Individual beads may have a density in any suitable range, such as from about 0.05 g/cc to about 0.5 g/cc, including about 0.1 g/cc. Also, the beads have unique absorptions properties. For example, when placed in water, a bead of approximately 3 mm in diameter will absorb approximately 14% of its weight in water. However, when the bead is squeezed and then released in water, the bead will absorb up to about 350% its weight in water. These absorption properties demonstrate additional utility such as a delivery vehicle for substances such as fragrances, ointments, and other fluid compositions.

Polyurethanurea Foams

Non-spherical shapes can also be prepared, for example flat structures having a fairly uniform thickness from end to end and edge to edge. These foams retain the foam characteristics of the beads. Foam structures prepared from polyurethaneurea solutions take on, or retain, the shape of the vessel in which the polyurethaneurea solution is placed in. Foam structure can be made in limitless variety of shapes and sizes including, cups, bottles, and round flat Petri dish, among others. Similar to the beads, the foams are achieved by introducing water to a container including a polyurethaneurea solution. Additionally, the foam structure can be varied by the introduction of the water to only one surface of the polyurethaneurea solution in the container. For example the foam formed from polyurethaneurea solution in a petri dish where water is added to the top (open) of the solution forms a less dense to more dense foam from top to bottom (against the bottom of the glass petri dish).

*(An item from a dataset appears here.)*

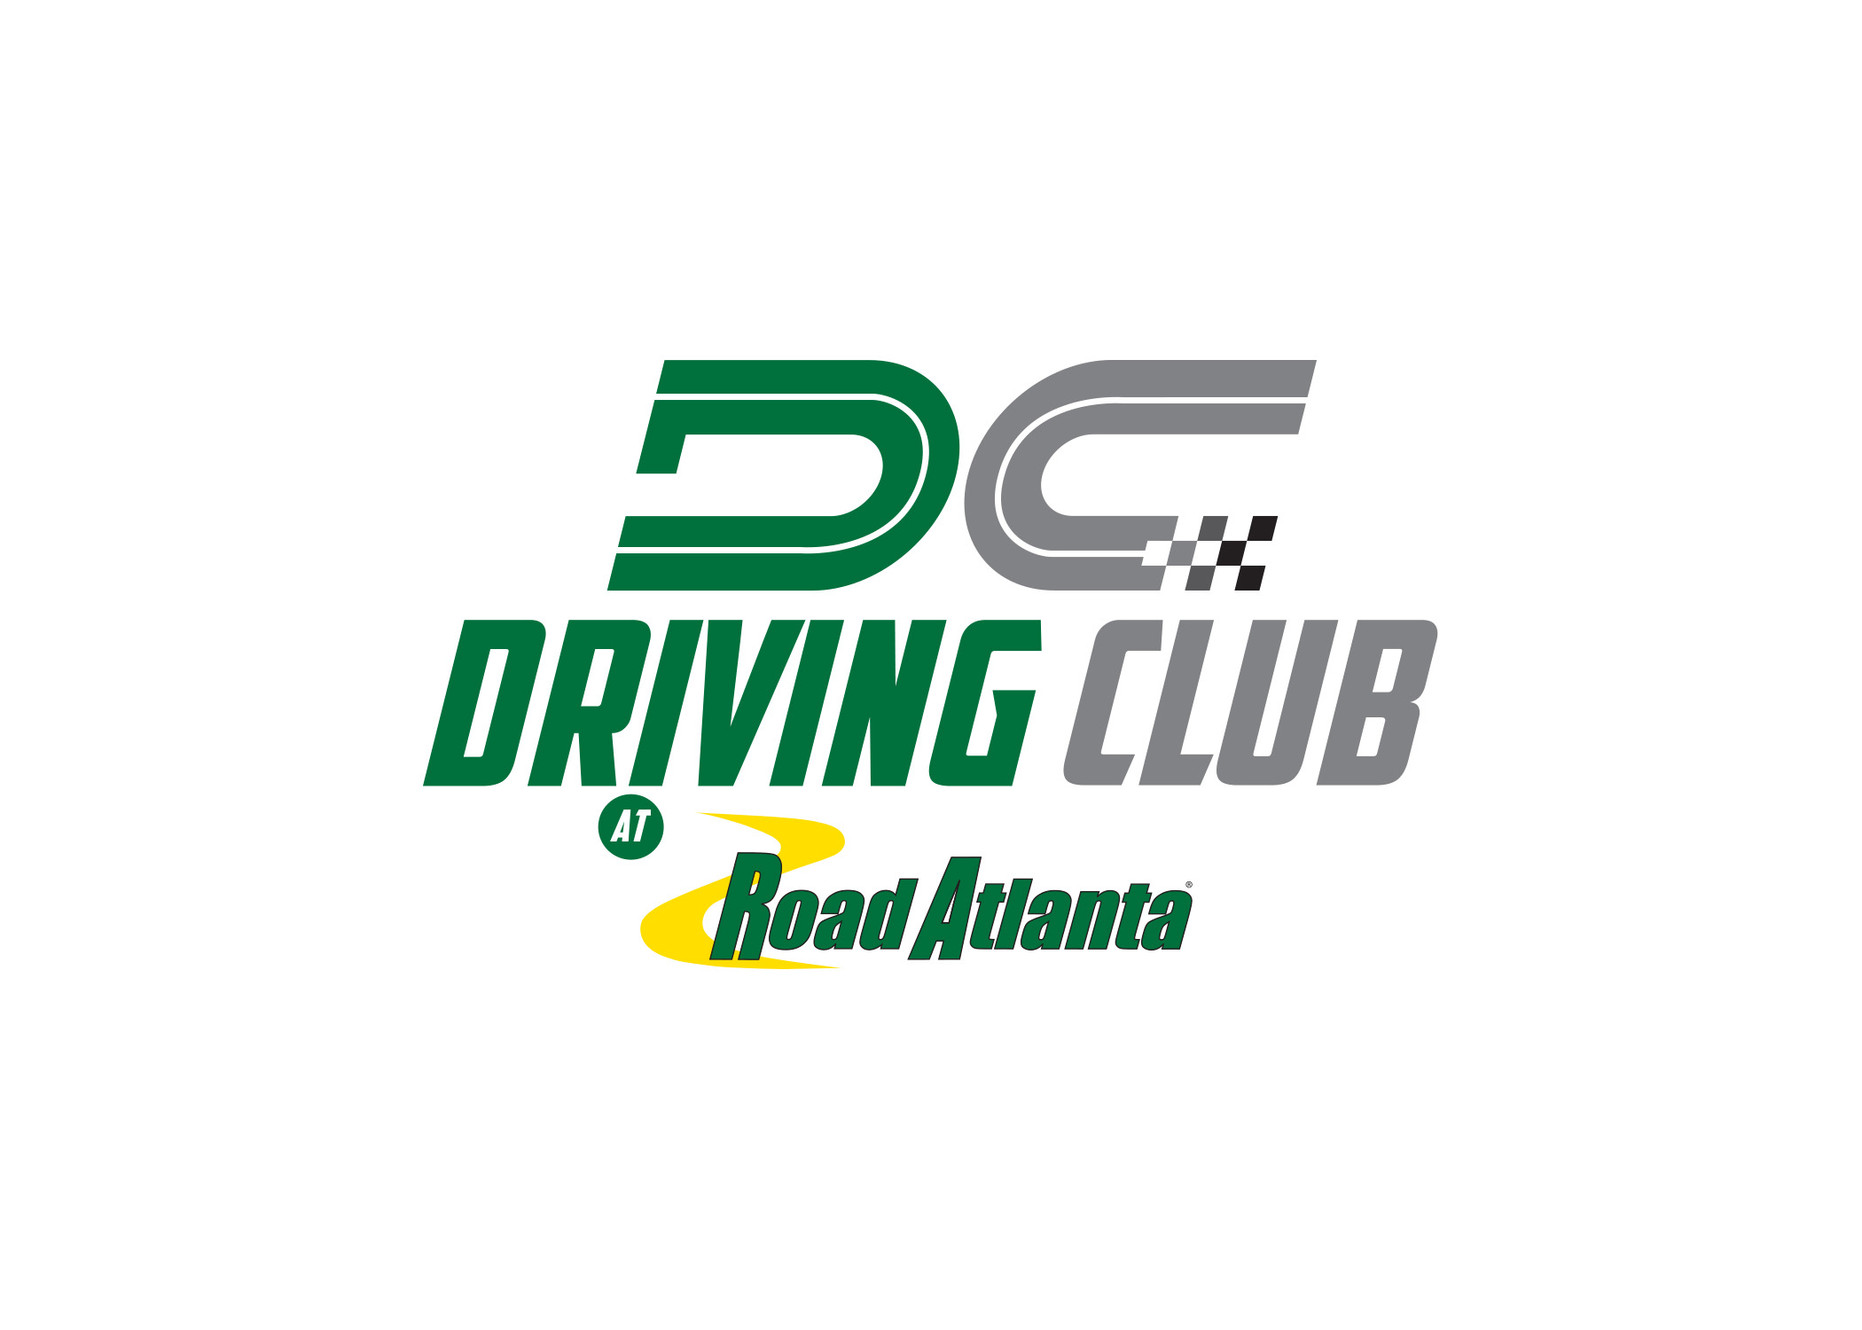 www.drivingclubra.com

The foam structures can be molded to a particular size or formed in larger structures that can be cut to an appropriate size. Depending on the use, the foams can have any desired dimensions. This includes substantially planar foams having thickness from about 1 mm to about 50 mm, including about 1 mm to about 5 mm, 1mm to about 3mm and 10mm to 20mm.

The density of the foams may also vary. The bulk polymer itself may have a density of about 0.975 to 1.3 g/cm³, while foams have been prepared that include densities from about 0.1 g/cm³ to about 1 g/cm³, including densities of about 0.3 g/cm³, 0.5 g/cm³, and 0.8 g/cm³. The foam density may be altered depending on the desired end use. Similar to the beads, the non-spherical foams may also include no visible pores at 500Ox magnification. However, salt (e.g., sodium chloride) may be added to the polyurethaneurea solution to create pores on the surface. If enough salt is added, it will create interconnecting pores that will go from the top surface to the bottom surface.

Other means of making polyurethaneurea foams include using "blowing agents" such as entrained air in viscous polyurethaneurea solutions, compressed gasses (air, nitrogen, etc.) that expand when the pressure is released, water soluble materials (salts polyethylene oxide polymer, etc.) that leach out of the polyurethaneurea when immersed in water, chemical agents (sodium bicarbonate, azo compounds, etc.) that release a gas when a certain temperature is reached or when it comes in to contact with water, air or another chemical.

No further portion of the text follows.